In my case, using sox NN.flac NN.wav will do the conversion to 16bit PCM WAV http://sox.sourceforge.net/sox.html. The above command above convert the FLAC to WAV with PCM coding scheme, keeping the 16 bit width. By definition, the bit rate is and will be 256kbps = 16 kHz * 16 bit.

Then, I can use soxi to show the bitrate of the file soxi NN.wav.

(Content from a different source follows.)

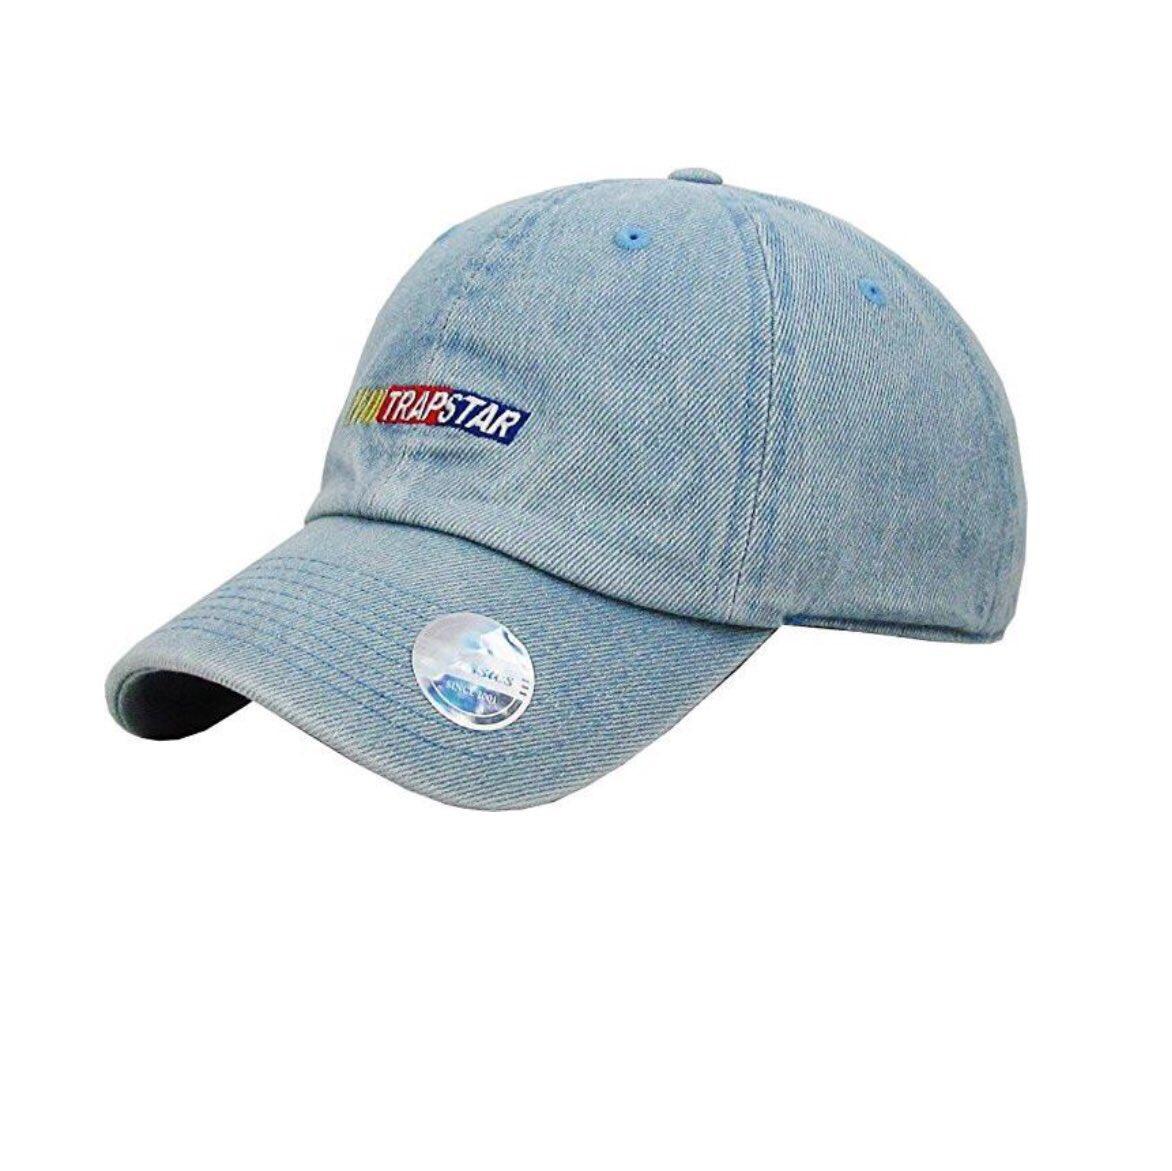 Trapstar Dad Hat 🎩   Shop: https://t.co/...

Here is what I get:

$: sox ./LA_T_1029929.flac ./LA_T_1029929.wav
$: soxi LA_T_1029929.wav 

Input File     : 'LA_T_1029929.wav'
Channels       : 1
Sample Rate    : 16000
Precision      : 16-bit
Duration       : 00:00:02.85 = 45620 samples ~ 213.844 CDDA sectors
File Size      : 91.3k
Bit Rate       : 256k
Sample Encoding: 16-bit Signed Integer PCM

For FLAC,

$: soxi LA_T_1029929.flac 

Input File     : 'LA_T_1029929.flac'
Channels       : 1
Sample Rate    : 16000
Precision      : 16-bit
Duration       : 00:00:02.85 = 45620 samples ~ 213.844 CDDA sectors
File Size      : 48.0k
Bit Rate       : 135k
Sample Encoding: 16-bit FLAC

This bit rate is computed (roughly) by 48k bytes * 8 bit / byte / (45620 / 16000) = 134677 bps = 135kbps.

More accurate computation needs to remove the size of the file head, but it is a small difference. Note that, pydub calls ffprobe -show_format -show_streams FILENAME to get the bitrate https://ffmpeg.org/ffprobe.html. The value returned by pydub is affected by the file head. You can also use ffprobe directly to read the information

ffprobe -hide_banner -show_format -show_streams LA_T_1029929.wav
Input #0, wav, from 'LA_T_1029929.wav':
  Duration: 00:00:02.85, bitrate: 256 kb/s
  Stream #0:0: Audio: pcm_s16le ([1][0][0][0] / 0x0001), 16000 Hz, 1 channels, s16, 256 kb/s
[STREAM]
index=0
codec_name=pcm_s16le
codec_long_name=PCM signed 16-bit little-endian
profile=unknown
codec_type=audio
codec_tag_string=[1][0][0][0]
codec_tag=0x0001
sample_fmt=s16
sample_rate=16000
channels=1
bits_per_sample=16
...
duration_ts=45620
duration=2.851250
bit_rate=256000
...

Anyway, I think above all is all about the definition of bitrate. The original 16bit PCM WAV audio files should have the same bitrate. The difference in terms of "bitrate" in FLAC is caused by compression, and the degree of compression is further decided by the data itself.

TonyWangX commented 2 years ago

Here is a trial analysis on one file LA_T_1029929.flac.

I take its first 1s and saved it as LA_T_1029929_s1.wav and LA_T_1029929_s1.flac. This file is mainly silence region at the beginning.

Then I take the second 2s segment and saved it as LA_T_1029929_s2.wav and LA_T_1029929_s2.flac. This file is mainly speech sounds.

Here are the bitrate from soxi

$ soxi LA_T_1029929_s1.flac 
...
Bit Rate       : 78.7k
...

$ soxi LA_T_1029929_s2.flac 
...
Bit Rate       : 177k
...

$: soxi LA_T_1029929_s1.wav
...
Bit Rate       : 256k
...

$ soxi LA_T_1029929_s2.wav
...
Bit Rate       : 256k
...

See how the s1.flac has a lower bitrate. LA_T_1029929_files.zip

For your analysis, you can trim the silence from all the audio files and plot the distribution of "bit rate" of FLAC audios. I guess the distribution should more or less overlap.

However, if there is difference, I am ready to give a complementary explanation. I will be very honored to hear what you will get in the near future!

Helias commented 2 years ago

Thanks a lot! I think that I will publish all my analysis on this webpage https://unict-fake-audio.github.io/ASVspoof2019-feature-webview/dataset-webview/

For convert FLAC to WAV I use pydub.AudioSegment and the related functions from_file() and export().